British bank cashier

William Evelyn Kingwell (1889 – 19 January 1947) was a British bank cashier who on 6 September 1931 was the first disc jockey to broadcast in English from France after he was recruited by Leonard Plugge to introduce records on a Sunday evening show on Radio Fécamp in Normandy.

==Early life and family==
Kingwell was born in Edmonton, Middlesex, in 1889, the son of a bank inspector.

He married Jessie.

==First World War==
Kingwell served in the Royal Field Artillery during the First World War. He was promoted to second lieutenant in 1914 but was injured during a gas attack and returned to England.

He also served in the Royal West Kent Regiment.

==Career==
Kingwell's father had intended him for a career in banking from an early age which he had started before it was interrupted by the First World War. After his war service, Kingwell returned to banking, working for Lloyds on attachment as chief cashier at a Lloyds/National Provincial branch in Le Havre, France.

It was at the bank that Kingwell met the radio entrepreneur Leonard Plugge who needed money to buy gramophone records for his new International Broadcasting Company (IBC) and got chatting with Kingwell. He asked him if he knew anyone who could introduce records on radio every Sunday night and Kingwell replied that he would be glad to do the job. The first broadcast took place on 6 September 1931 using transmitter time that Plugge had bought from Radio Fécamp in Normandy making Kingwell the first "disc jockey", a term invented later, to broadcast in English from France.

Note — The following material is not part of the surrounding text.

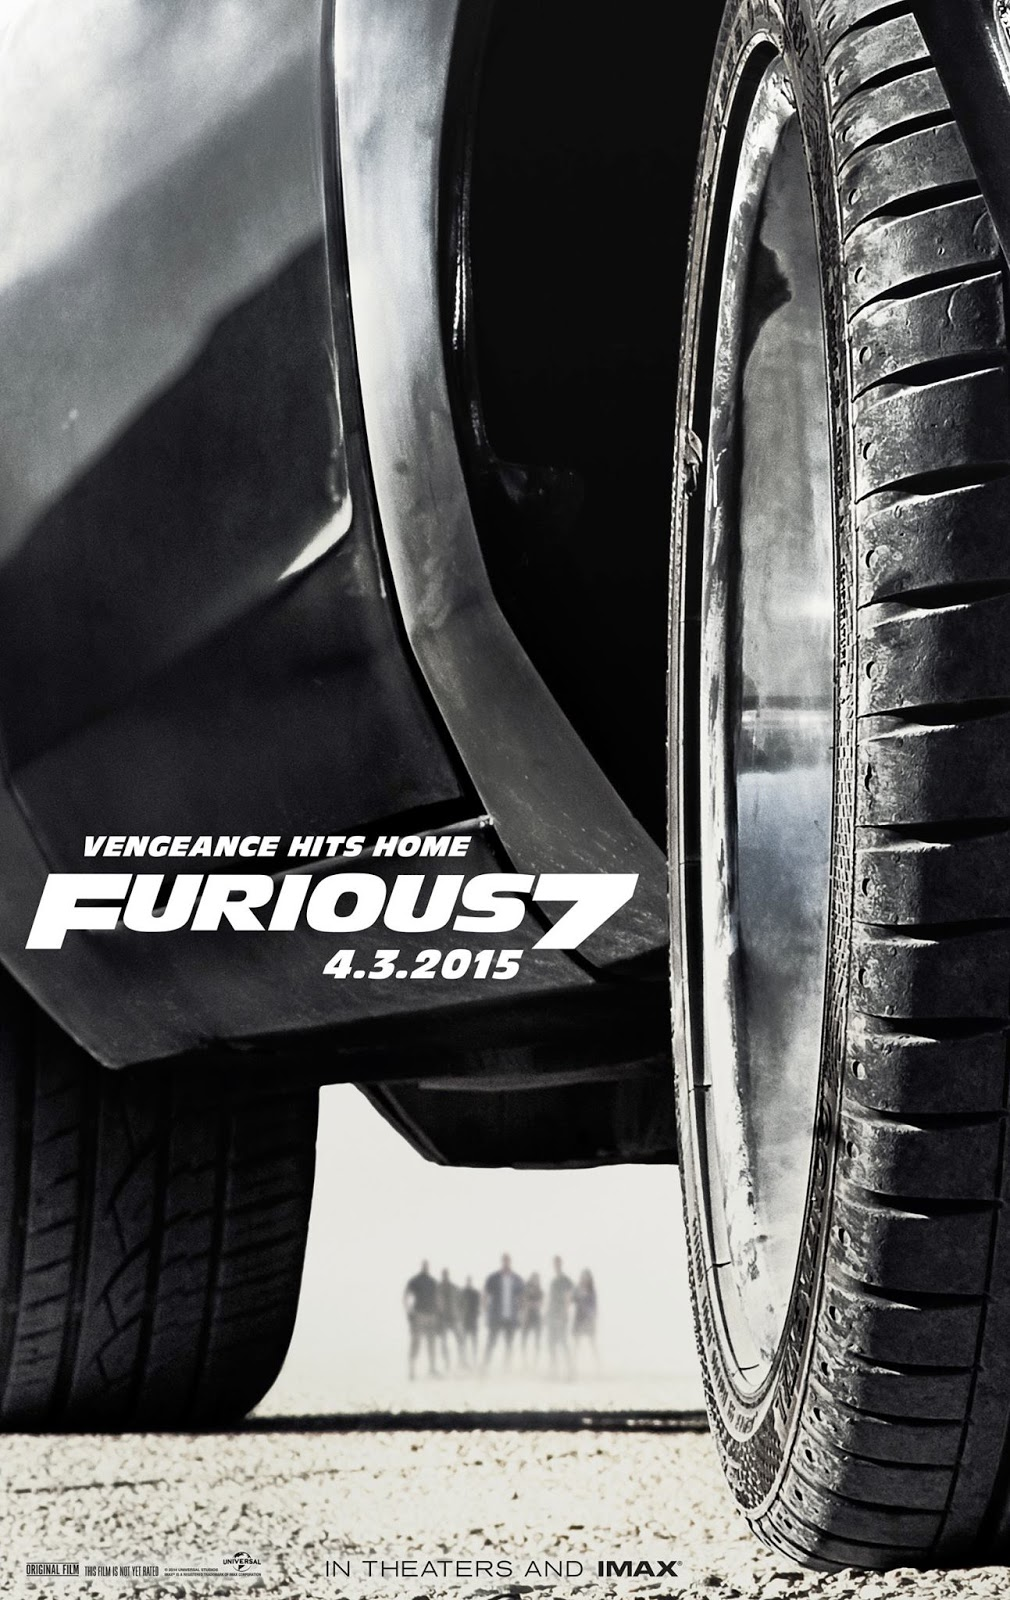 furious_7_02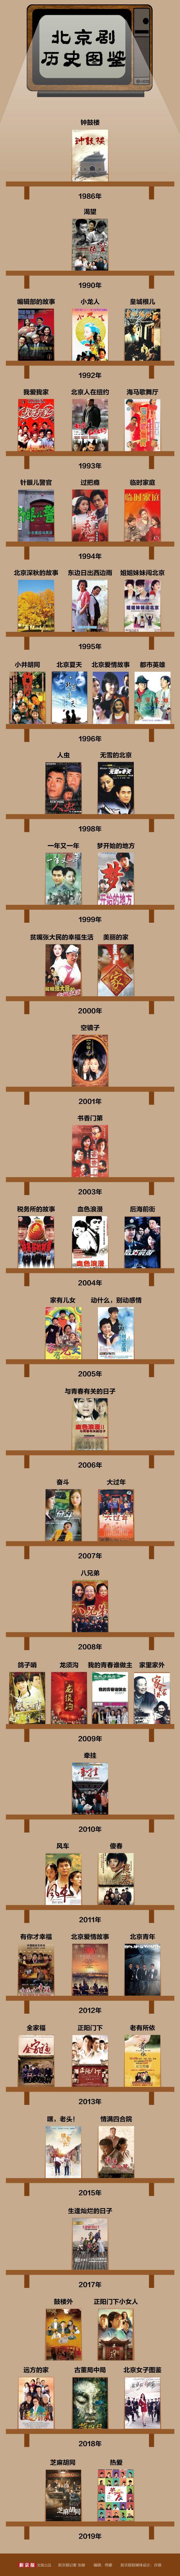 http://www.hljold.org.cn/shehuiwanxiang/355331.html

Kingwell found the work difficult, possibly due to the after-effects of his gas injury during the war, and on one occasion lost his voice and had to get his son to take his place. Later, he was joined by Major Max Staniforth before giving up presenting entirely.

==Death==
Kingwell died on 19 January 1947. Administration of his estate was granted to his widow, Jessie. He left an estate of £520.